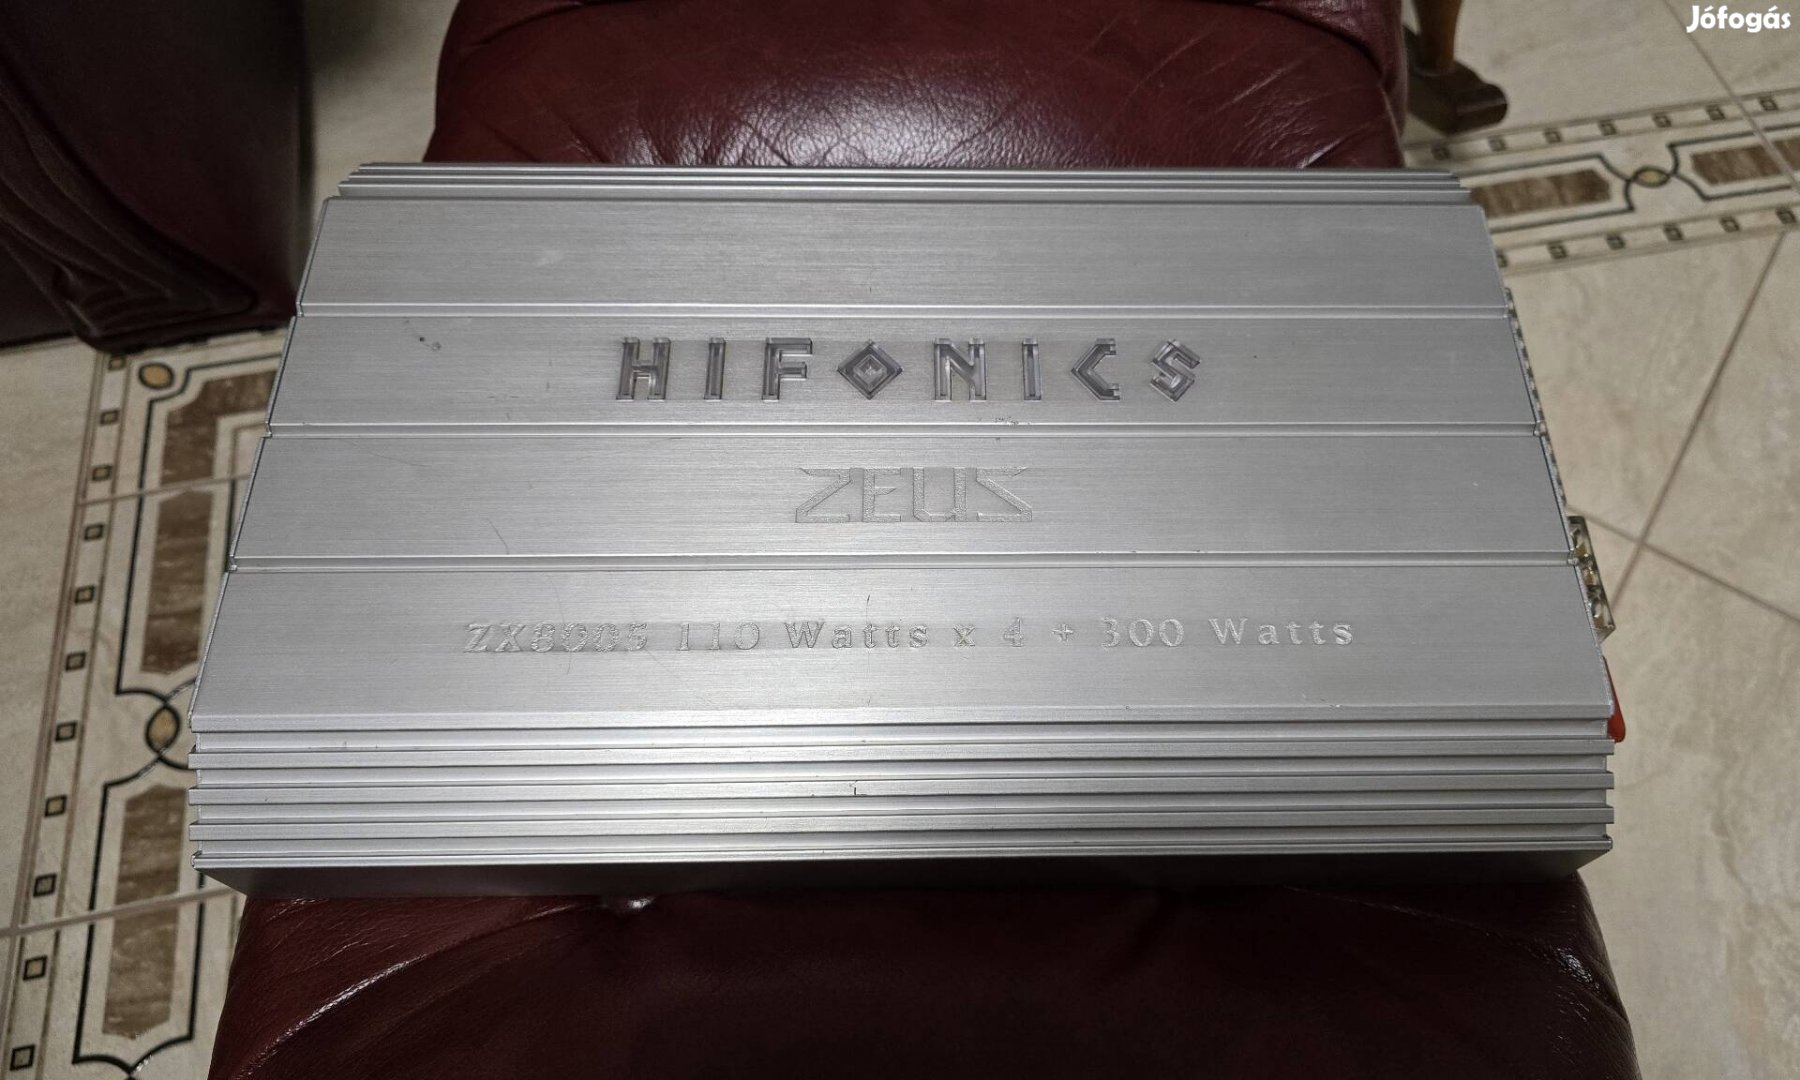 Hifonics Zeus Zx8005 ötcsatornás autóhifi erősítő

----------

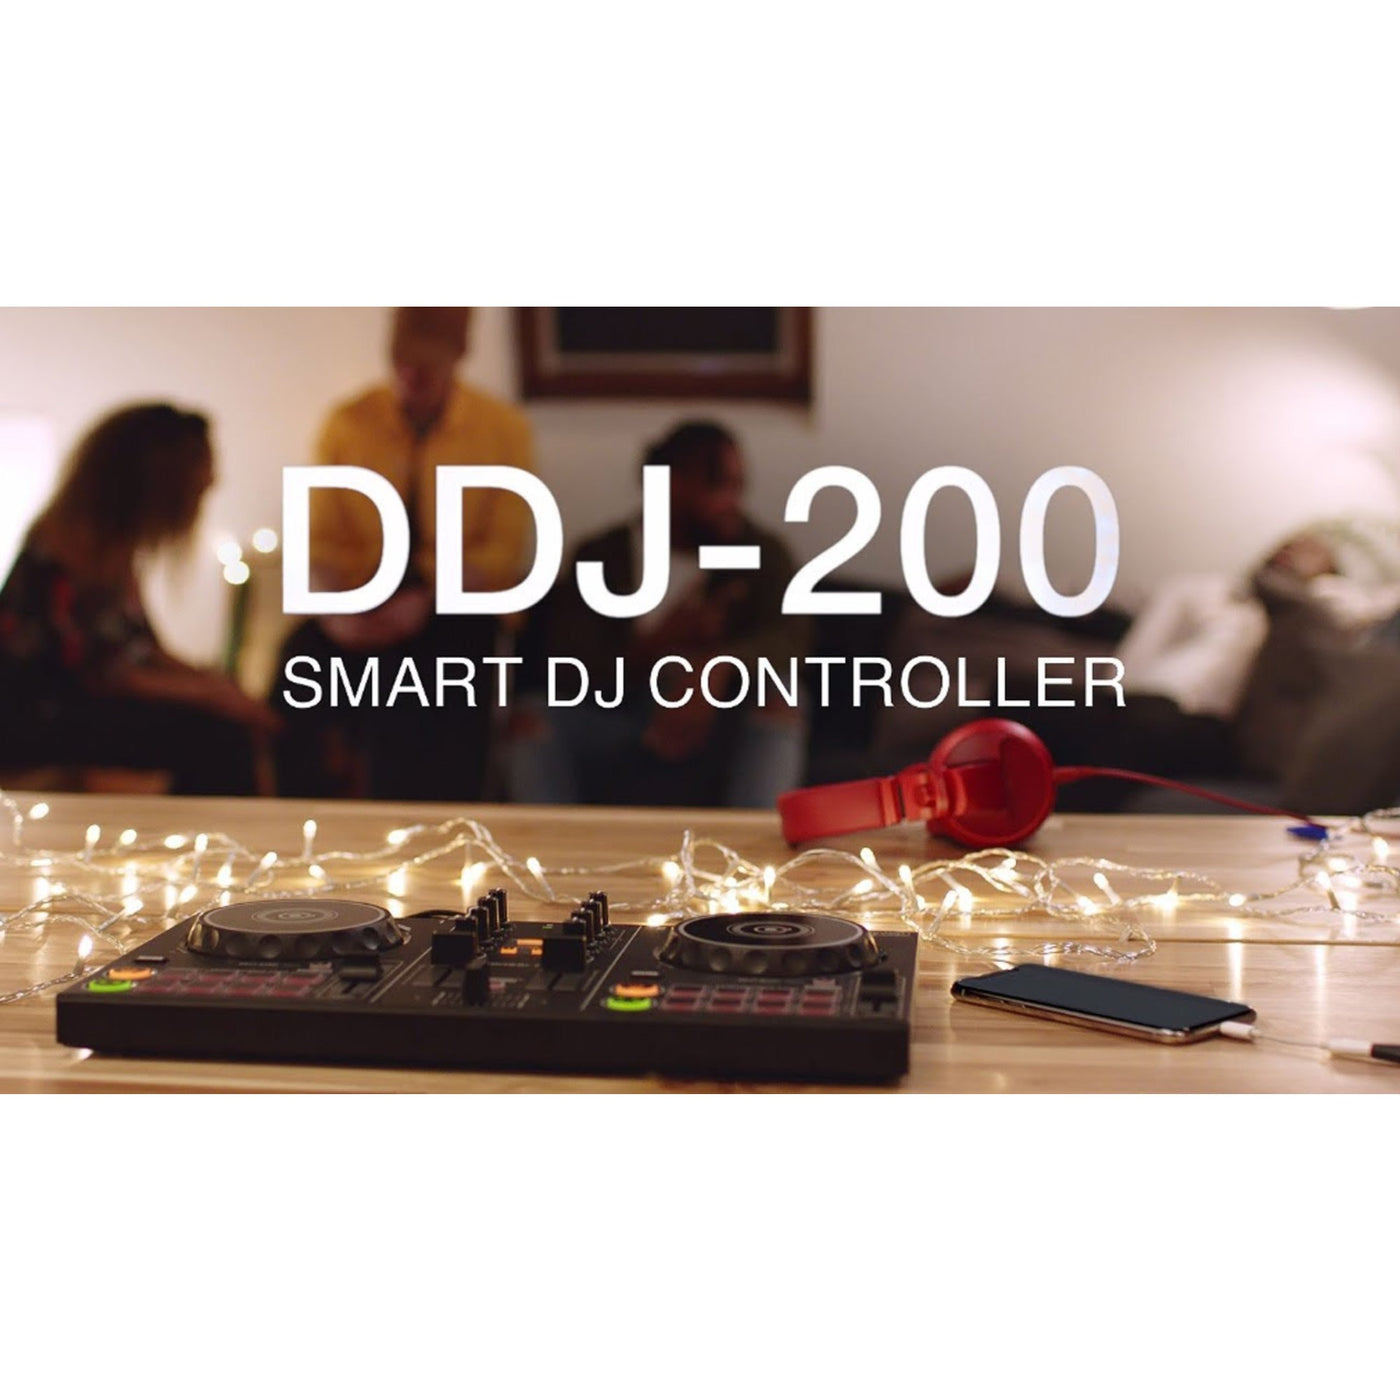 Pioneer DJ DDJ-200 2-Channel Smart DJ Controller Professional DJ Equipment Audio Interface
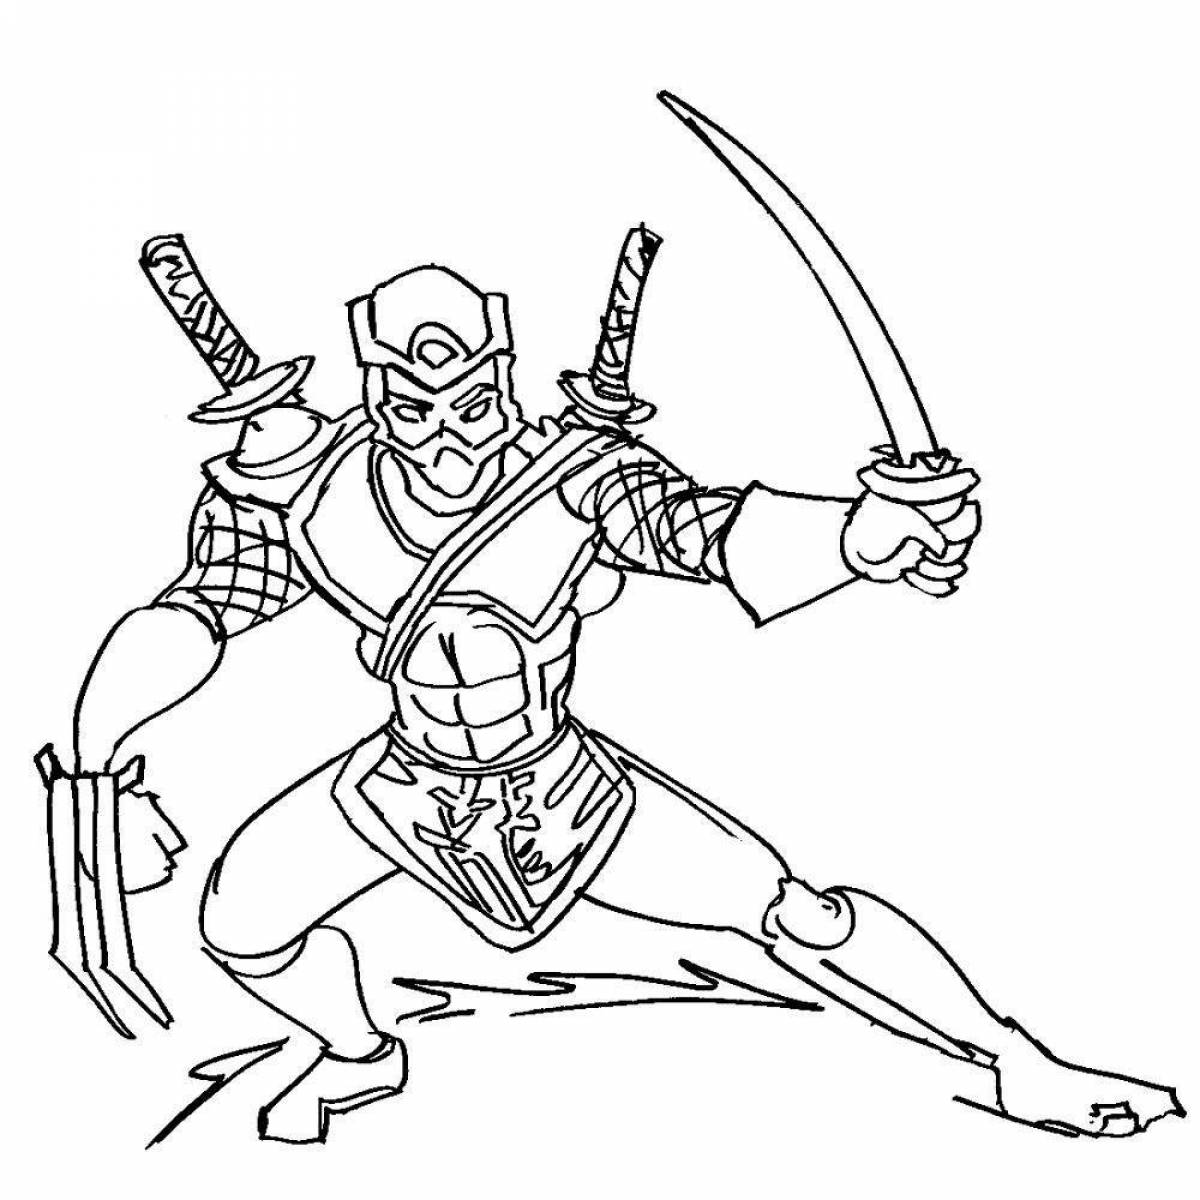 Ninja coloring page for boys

----------

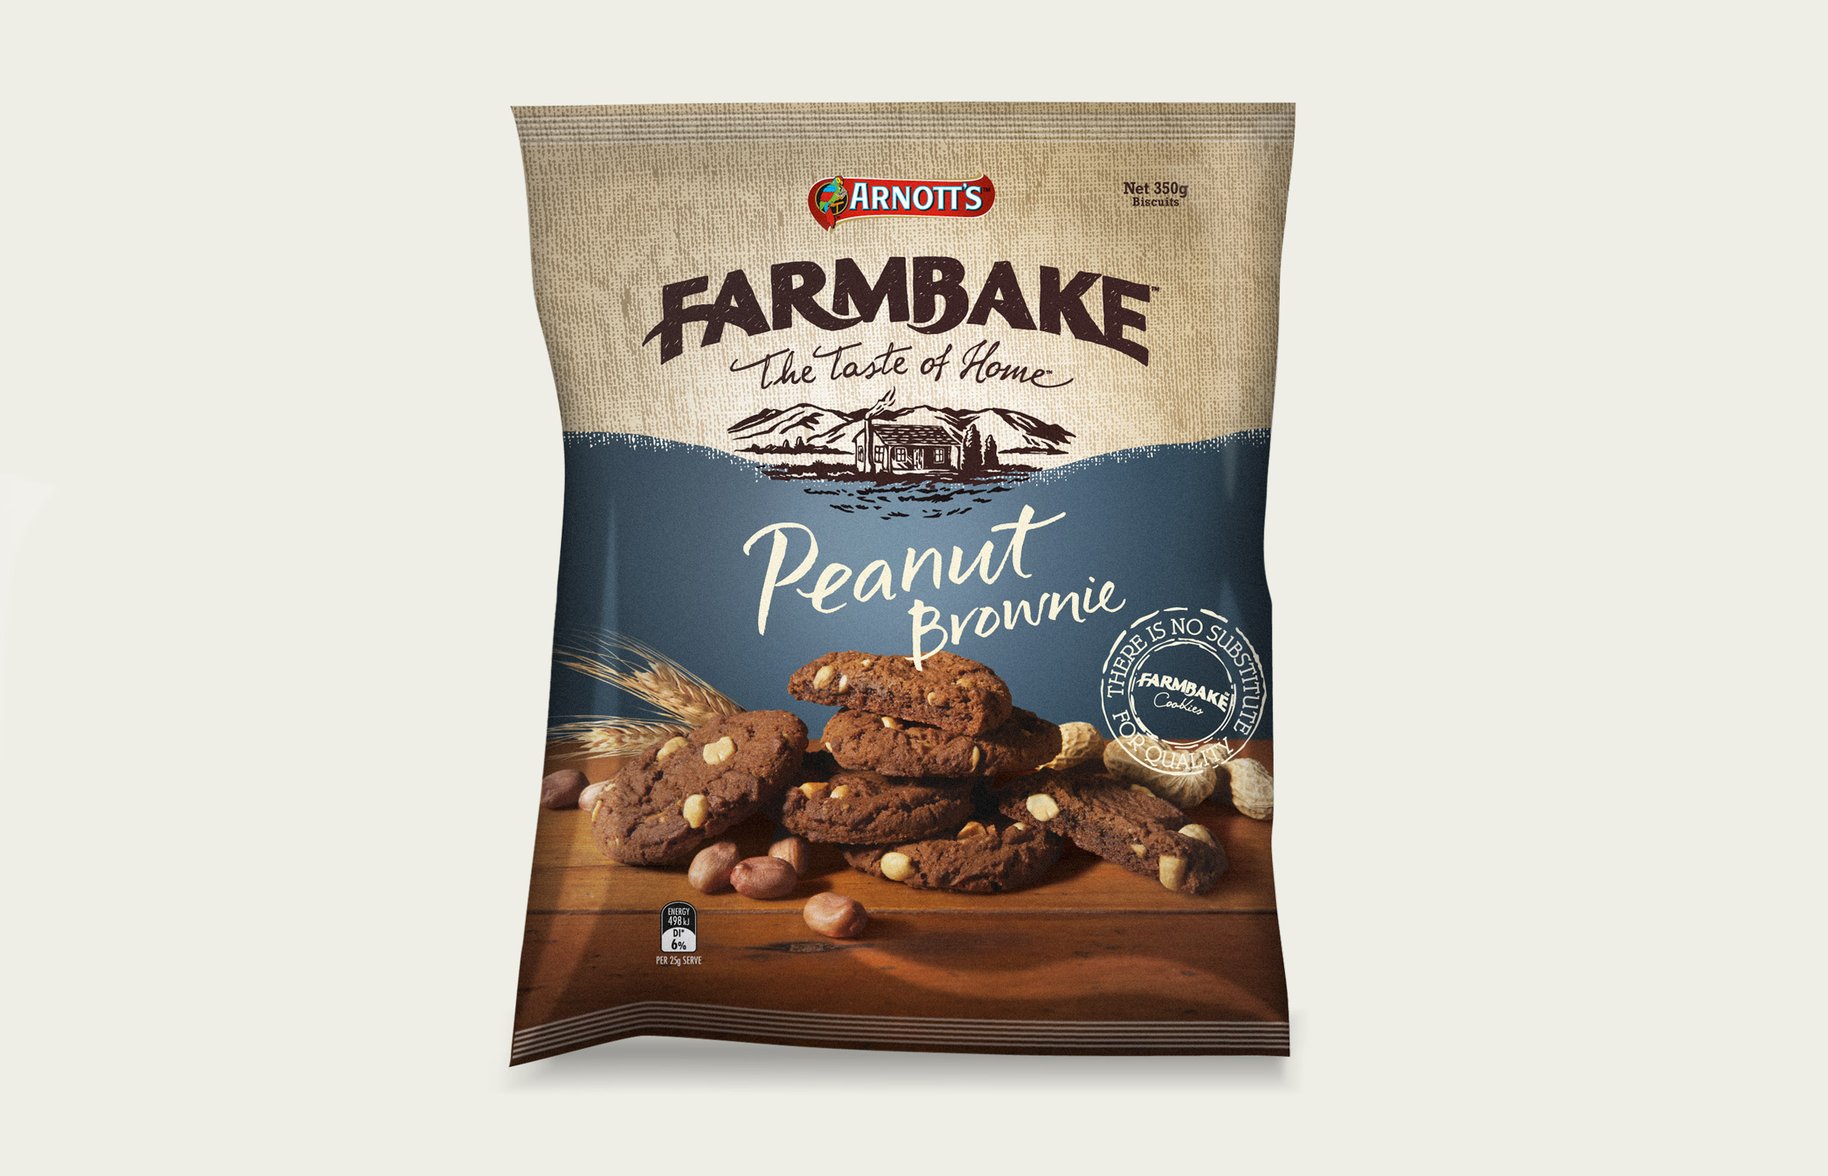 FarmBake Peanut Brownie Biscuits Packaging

----------

Repeat exactly the stretch of the listing above that starts with the line holding "Pioneer DJ DDJ-200" and finishes with the line holding "Ninja coloring page for boys", both included. Skip every picture.

=== TASK OUTPUT ===
 Pioneer DJ DDJ-200 2-Channel Smart DJ Controller Professional DJ Equipment Audio Interface
 Ninja coloring page for boys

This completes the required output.